During her childhood, with her three brothers and sisters, she moved from city to city, depending on the assignments her sub-prefect father received.
In 1976 she received her master's degree in Philosophy from the Sorbonne, Paris, and in 1978 went on to complete a MA in philosophy and aesthetics at Université de Paris X - Nanterre, where she completed a doctorate in philosophy in 1981. During those years she studied with a teacher she admires, Emmanuel Levinas, and her work focused on the notion of asceticism in Christian mysticism.
While employed by the Ministry of Culture in Paris, where she remained between 1981 and 1986, she produced her first novel, Le Livre des Nuits (The Book of Nights) in 1985. It won six French Literary Prizes. The reception of the book established her as a significant new author.
From Paris she moved to Prague, Czechoslovakia, where, from 1987 to 1993, she taught philosophy at the French School, and continued to write.
In 1993, Sylvie Germain returned to France. She then lived between Paris and La Rochelle. But Prague continued to inspire her, a theme especially apparent in the novel Immensités, as well as the cultural life of Czech Republic more generally, as reflected in her meditation on the life and work of Bohuslav Reynek. Since 1994 she has been involved only in literary activities.

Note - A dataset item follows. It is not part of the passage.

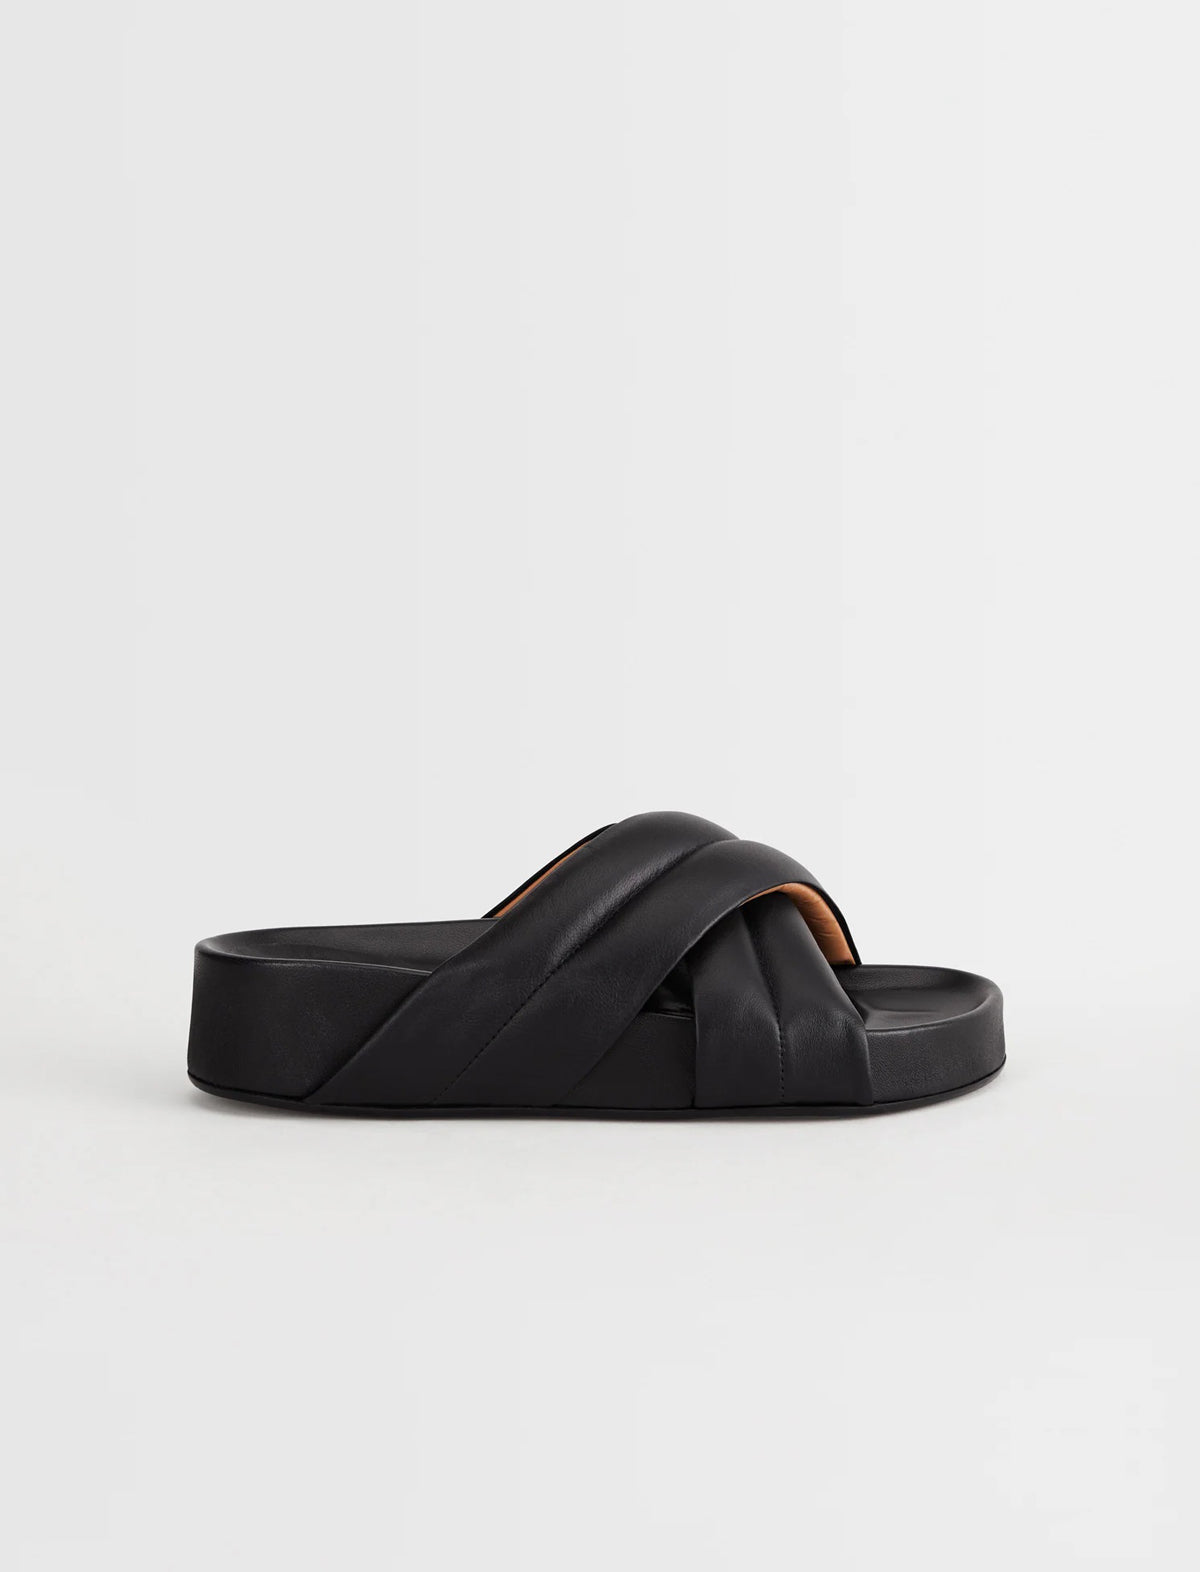 ATP Atelier Airali Nappa Everyday Sandals in Black

In 1999, Sylvie Germain produced a biography focusing on the life of Etty Hillesum, the young Dutch Jewish woman who died at Auschwitz in November 1943, leaving behind a journal. Germain explored her spiritual life and, a year later, she published several books in various genres: a travelogue, a spiritual text and a photo album.
In addition to novels, she has published essays on other artists (Vermeer: Patience et songe de lumière, 1993, for example), spiritual meditations (Les Echos du Silence) and a children's book (L'Encre du Poulpe). Most of her novels have been translated into English.